Data and sample collection

All eligible subjects signed an informed consent and completed a questionnaire that collected data on reproductive history, medical history, family background of cancer, use of tobacco, oral contraceptive (OC), hormone replacement therapy (HRT), and/or other medications.

Breast core needle biopsies (CNBs) with 14 Gauge BARD® MONOPTY® disposable core biopsy instrument (Bard Biopsy Systems, Tempe, AZ) were performed by an experienced physician at the Mammography Department at Sunderby Hospital, Luleå, Sweden. Three to five CNBs were taken free hand from the upper outer quadrant of either right or left breast; one core was fixed in 70% ethanol for histopathological analysis and the remaining cores were placed in RNAlater® (Ambion, Austin, TX) solution for subsequent RNA extraction for genomic analysis. In addition to breast tissue samples, each participant provided blood and saliva samples that were stored at Umeå University at −20°C for subsequent laboratory analyses [19].

RNA isolation

Total RNA from CNB specimen was isolated using the Qiagen Allprep RNA/DNA Mini Kit according to manufacturer's instructions (Qiagen, Alameda, CA, USA). The quantity of total RNA obtained from every specimen ranged from 150ng to 4μg, as determined using NanoDrop v3.3.0 (NanoDrop Technologies, Wilmington, DE); RNA quality was assessed using an Agilent 2100 Bioanalyzer (Agilent Technologies, CA, USA).

Microarray analysis

The GeneChip Expression 3’-Amplification Two-Cycle cDNA Synthesis Kit (Affymetrix, Santa Clara, CA) was used to prepare the cRNA for hybridization following the manufacturer’s protocol. The samples were hybridized to Affymetrix HG_U133 Plus 2.0 oligonucleotide arrays. 113 chips (71 parous, 42 nulliparous) satisfied quality control thresholds based on standard Affymetrix quality control measures and graphical criteria based on probe-level model (PLM) analysis as implemented in the Bioconductor affyPLM package. Affymetrix CEL files were pre-processed using RMA [20]. To account for between-batch variability in the arrays, the data were adjusted using ComBat [21]. After filtering, 18,694 probesets remained for further analysis.

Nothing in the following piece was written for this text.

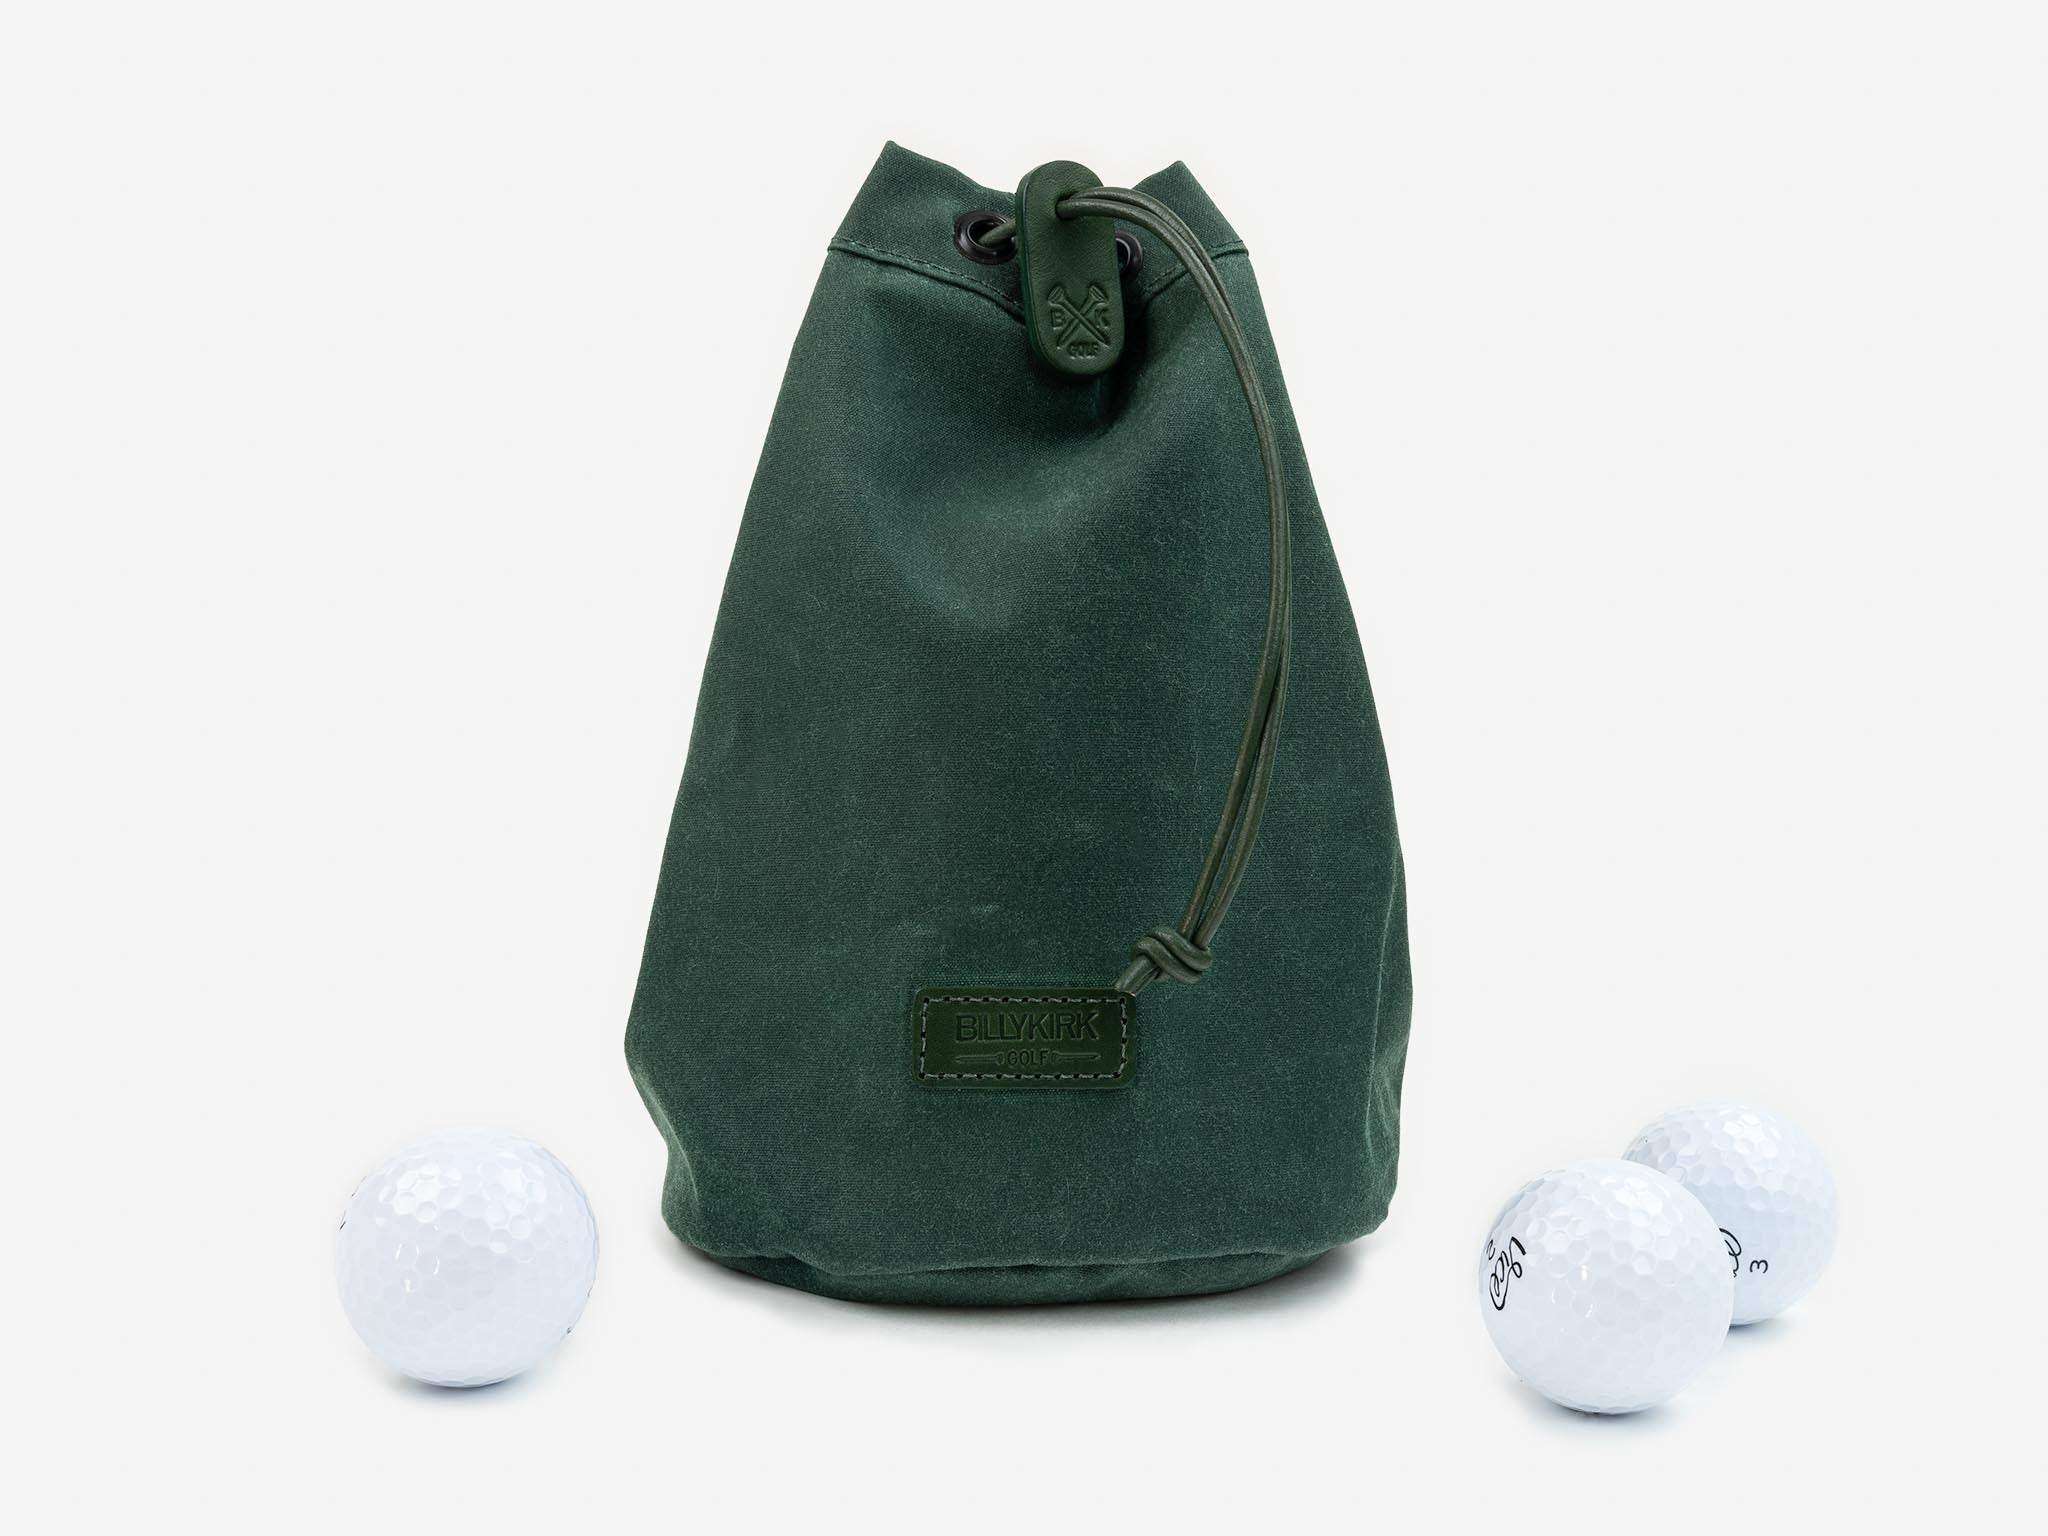 Golf Ball Shag Bag
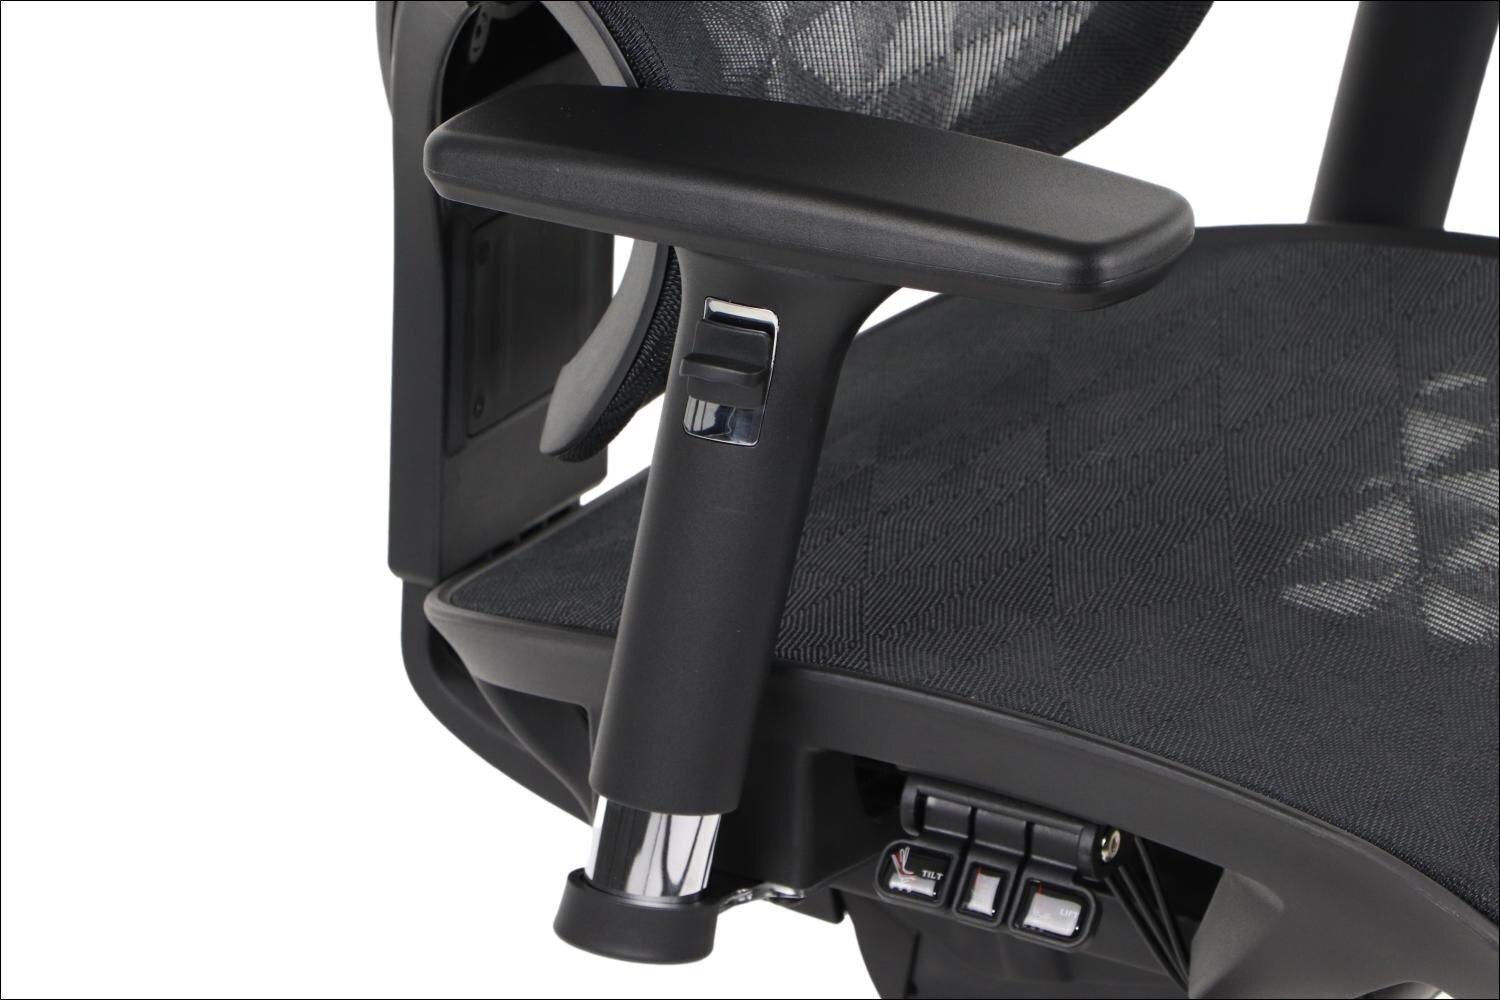 Biuro kėdė ErgoNew S1A, tinklinė sėdynė, juoda цена и информация | Biuro kėdės | pigu.lt

To identify differentially expressed probesets, we used the limma package [22, 23] implemented in the R/Bioconductor platform [24]. False Discovery Rates (FDR) were calculated using the Benjamini-Hochberg method [25]. In selecting probesets for downstream analysis, we used both a p-value of 0.001 from the empirical Bayes moderated t-statistics, and a minimum log2 fold-change of 0.3 threshold as criteria of significance, unless otherwise noted. A clustered heatmap of samples and selected genes was generated using the RMA expression values, uncentered Pearson correlation as a similarity measure and average linkage (Figure 1). The microarray data of this study have been submitted to the Gene Expression Omnibus database (GSE26457).

Figure 1
figure 1

Hierarchical clustering of differentially expressed probesets in parous and nulliparous women. Red represents expression values above the median across all samples, and green represents values below the median. In the two top-level clusters of samples, the right cluster is composed mainly of parous samples and the left cluster is composed mainly of nulliparous samples. ‘U’ represents the intensity of up-regulated probesets among parous samples whereas ‘D’ represents the intensity of down-regulated probesets. N represents Nulliparous and Y represents Parous. A chi-square test of independence on parity status and sub-tree membership resulted in a p-value of 0.001.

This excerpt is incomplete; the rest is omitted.